One of the big pluses of Dragonfly is concurrency. Requirements may call for running LTE Cat 0, Wi-Fi 802.11n, and a PLC interface simultaneously. That capability is a function of both the power of the underlying low-power DSP and the software stack. It also points to a potential issue for chipset developers: regional or carrier differences. The advantages of a DSP-based soft implementation may prove very advantageous in this age where standards adoption and carrier support is in flux.
LTE-OTDOA stands for observed time difference of arrival, a new approach for indoor and urban canyon positioning – use cases that give GNSS fits. By grabbing three timing measurements from dispersed eNodeBs with “good” geometry (for example, the user is not very close to any of the towers), hyperbolae of the time difference can be plotted and intersected. (One guess who is behind this standard.) Combine that idea with a drone use case, and you get the demonstration CEVA is about to run at MWC 2016 on an emulated LTE Cat 0 network:
Being able to provide both a data uplink and downlink plus dual-mode positioning for a drone could help with the autonomous package delivery scenario.
The point here is CEVA has combined low-power DSP IP with software for these emerging M2M and IoT specifications to jumpstart development and protect designs if specifications and adoption are a bit tenuous in the early going. More in the CEVA Dragonfly press release.

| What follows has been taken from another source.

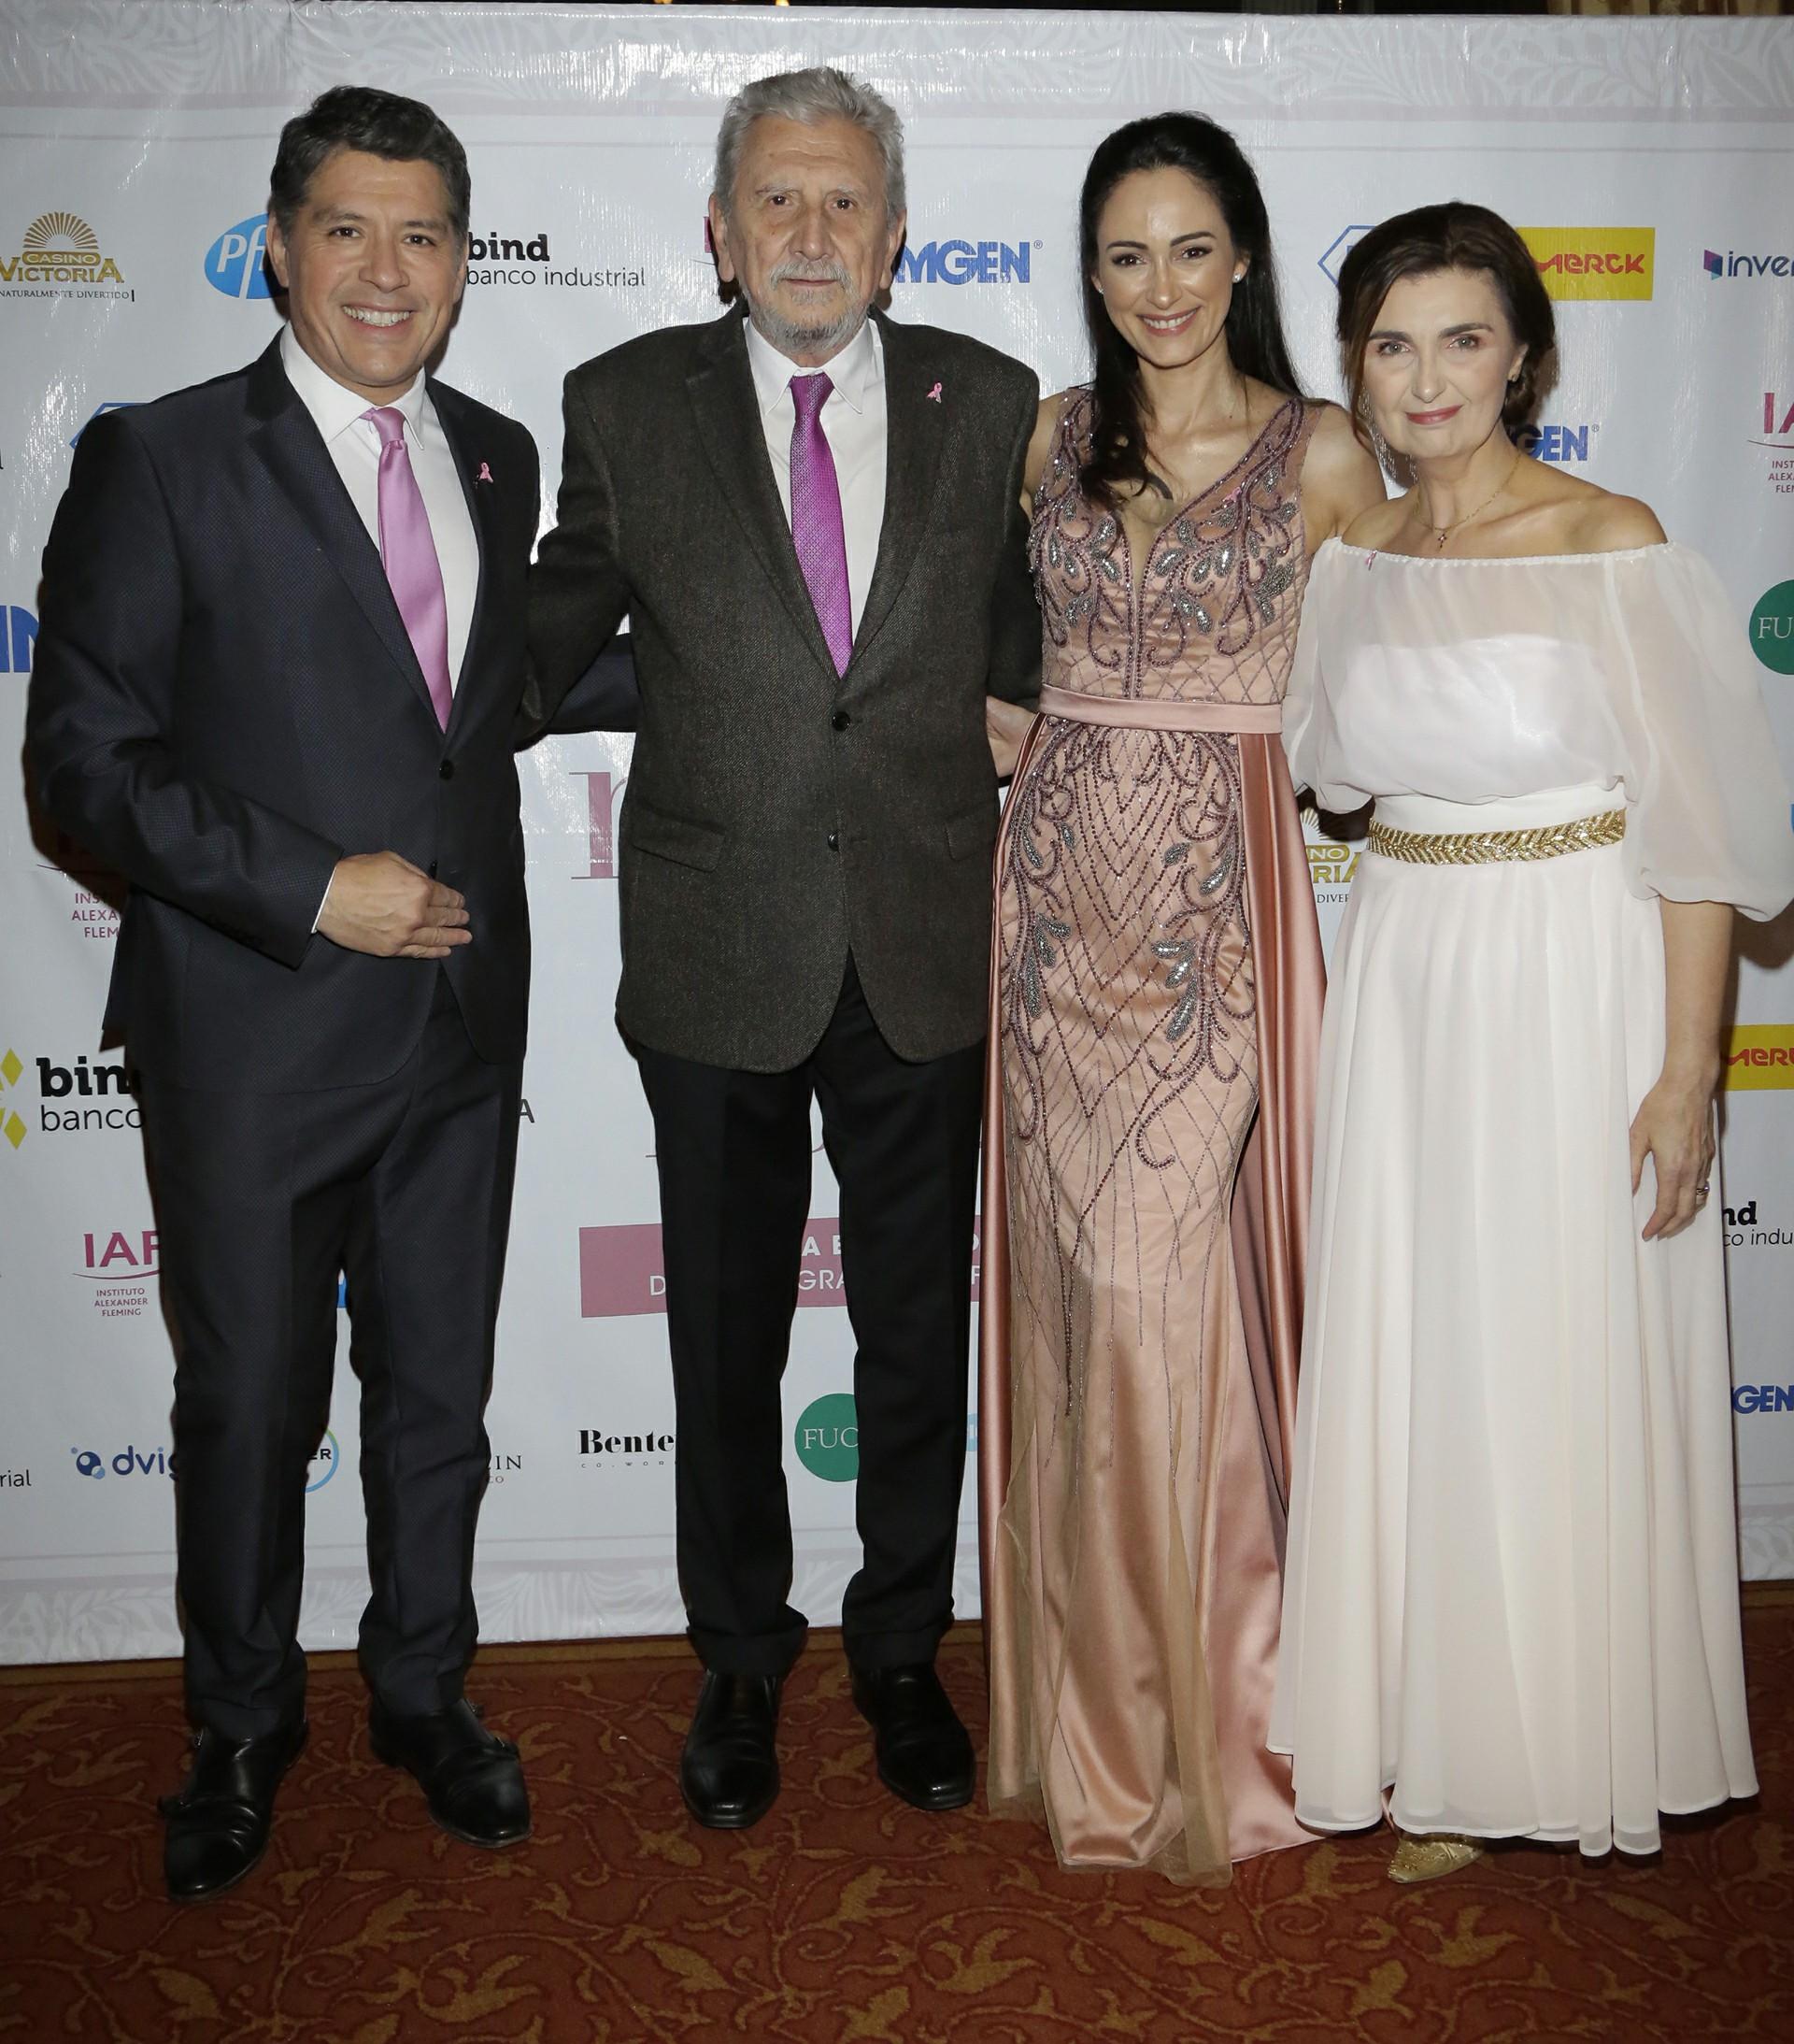 Guillermo Lobo, Reinaldo Chacón Gabriela Sobrado y Gabriela Berta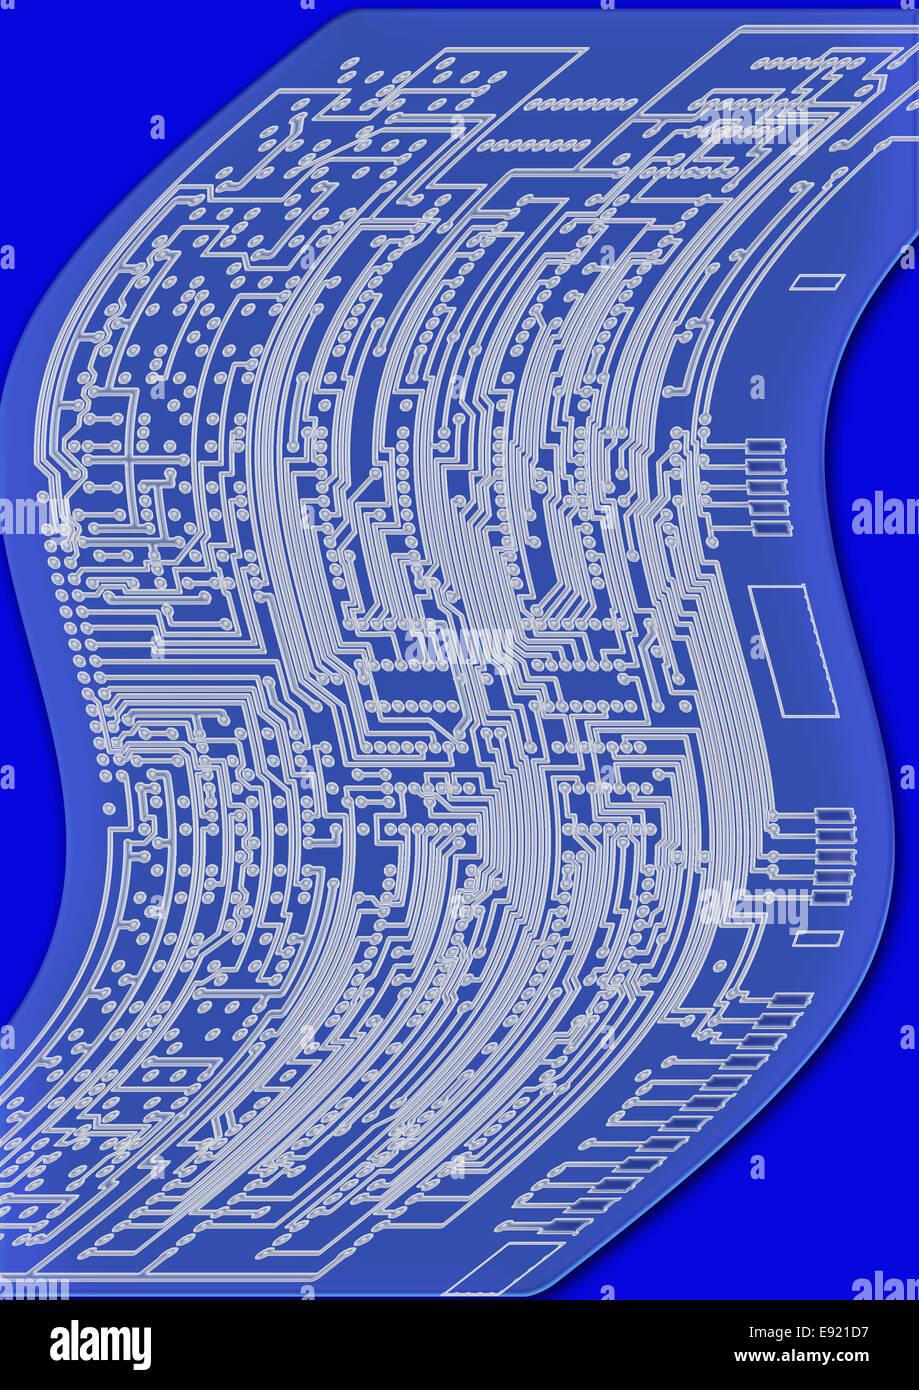 blueprint circuit board Stock Photo: 74418435 - Alamy

I’ll say this again: it is starting to look as though LTE Cat M and NB-IoT could drive all the other IoT WAN standards into a niche, just like what high data rate LTE did to WiMAX. Spectrum availability and data plan pricing have to cooperate for this to happen. And, there is that question some well-intended reader asked me the other day: “What does 5G have to do with the IoT?” When these low data rate LTE categories solidify, the 5G specification will embrace them, and things will get a lot clearer down the road for M2M and IoT applications.